Return, from the listing below, every line that includes "blanco".

● PROVIDED MATERIAL:
=== Section Start ===

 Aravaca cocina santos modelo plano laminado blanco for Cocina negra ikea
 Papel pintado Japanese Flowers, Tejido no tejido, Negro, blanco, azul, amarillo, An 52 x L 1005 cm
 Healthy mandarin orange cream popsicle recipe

=== Section End ===
=== Section Start ===

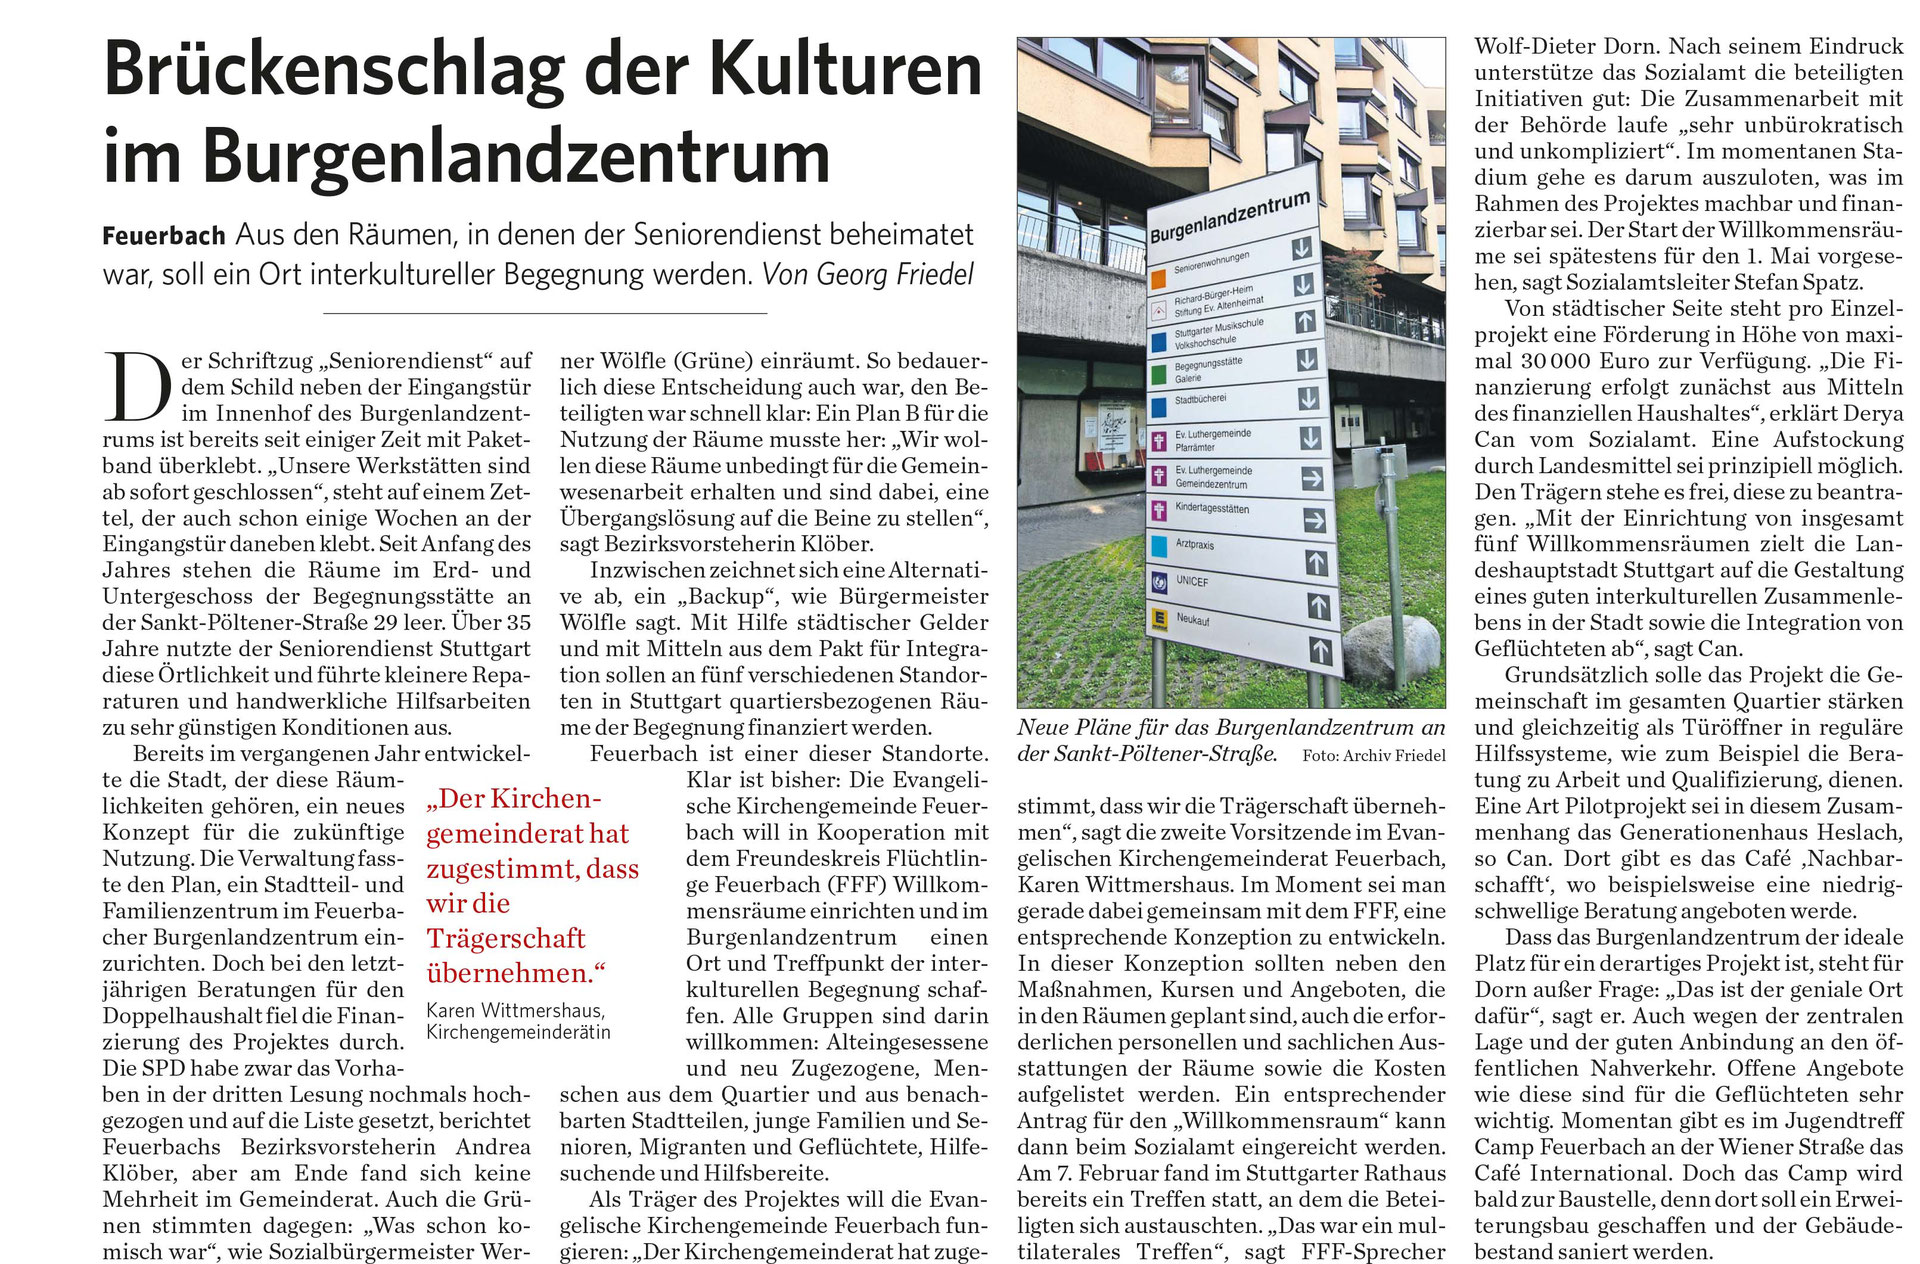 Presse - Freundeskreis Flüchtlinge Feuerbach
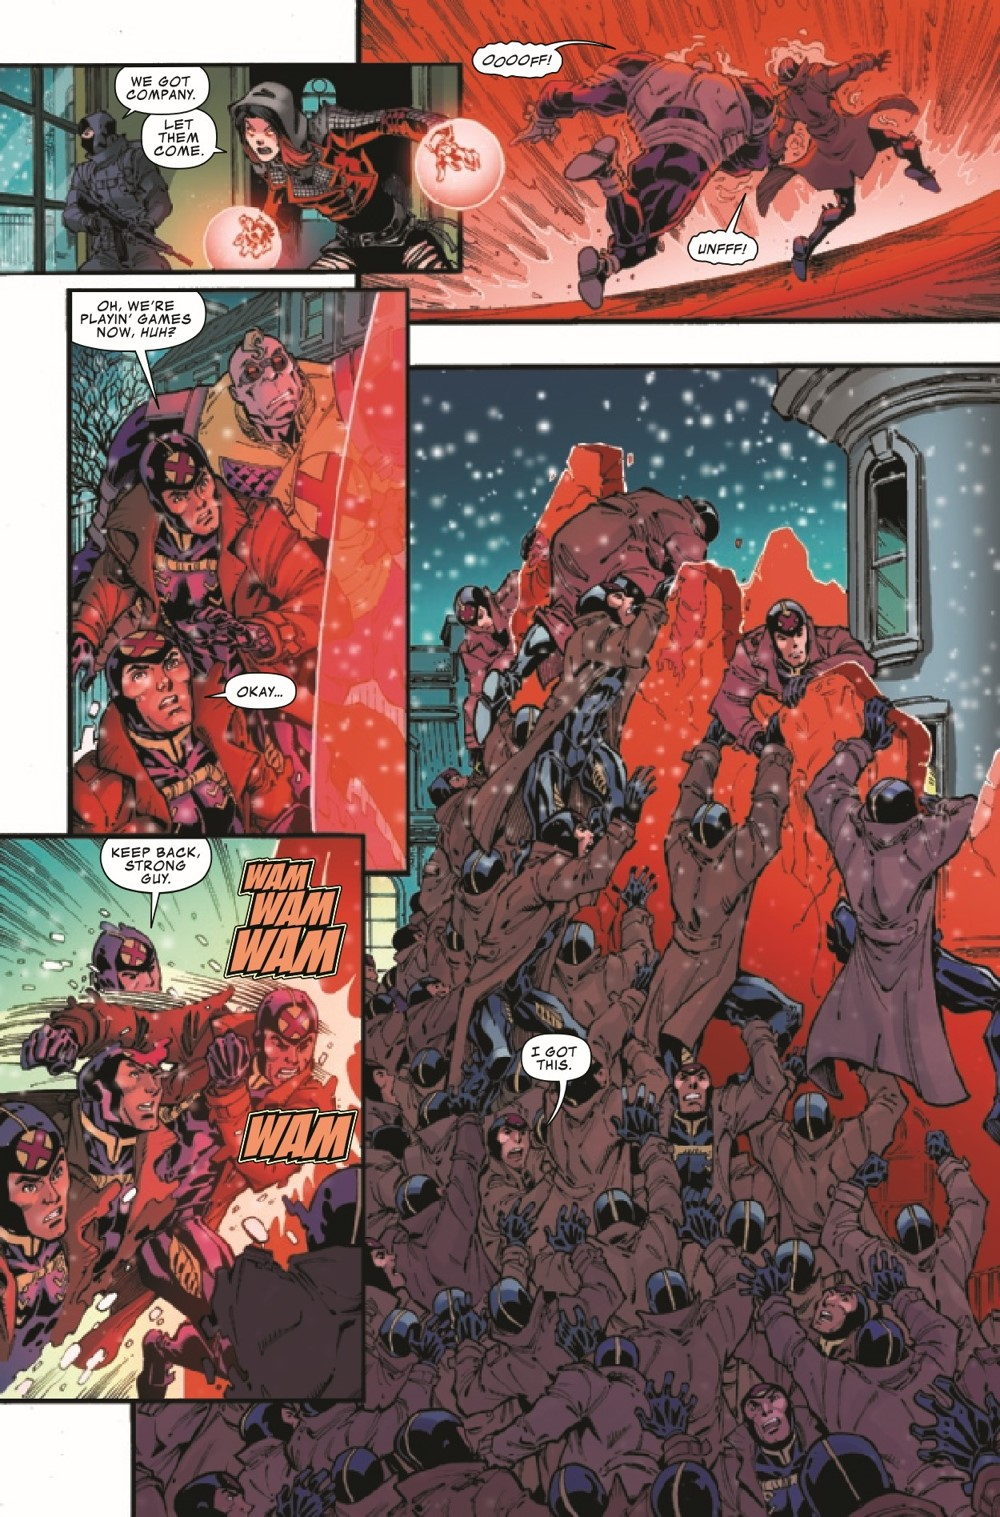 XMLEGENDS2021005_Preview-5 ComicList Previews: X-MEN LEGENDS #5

=== Section End ===

● OUTPUT BELOW:
 Aravaca cocina santos modelo plano laminado blanco for Cocina negra ikea
 Papel pintado Japanese Flowers, Tejido no tejido, Negro, blanco, azul, amarillo, An 52 x L 1005 cm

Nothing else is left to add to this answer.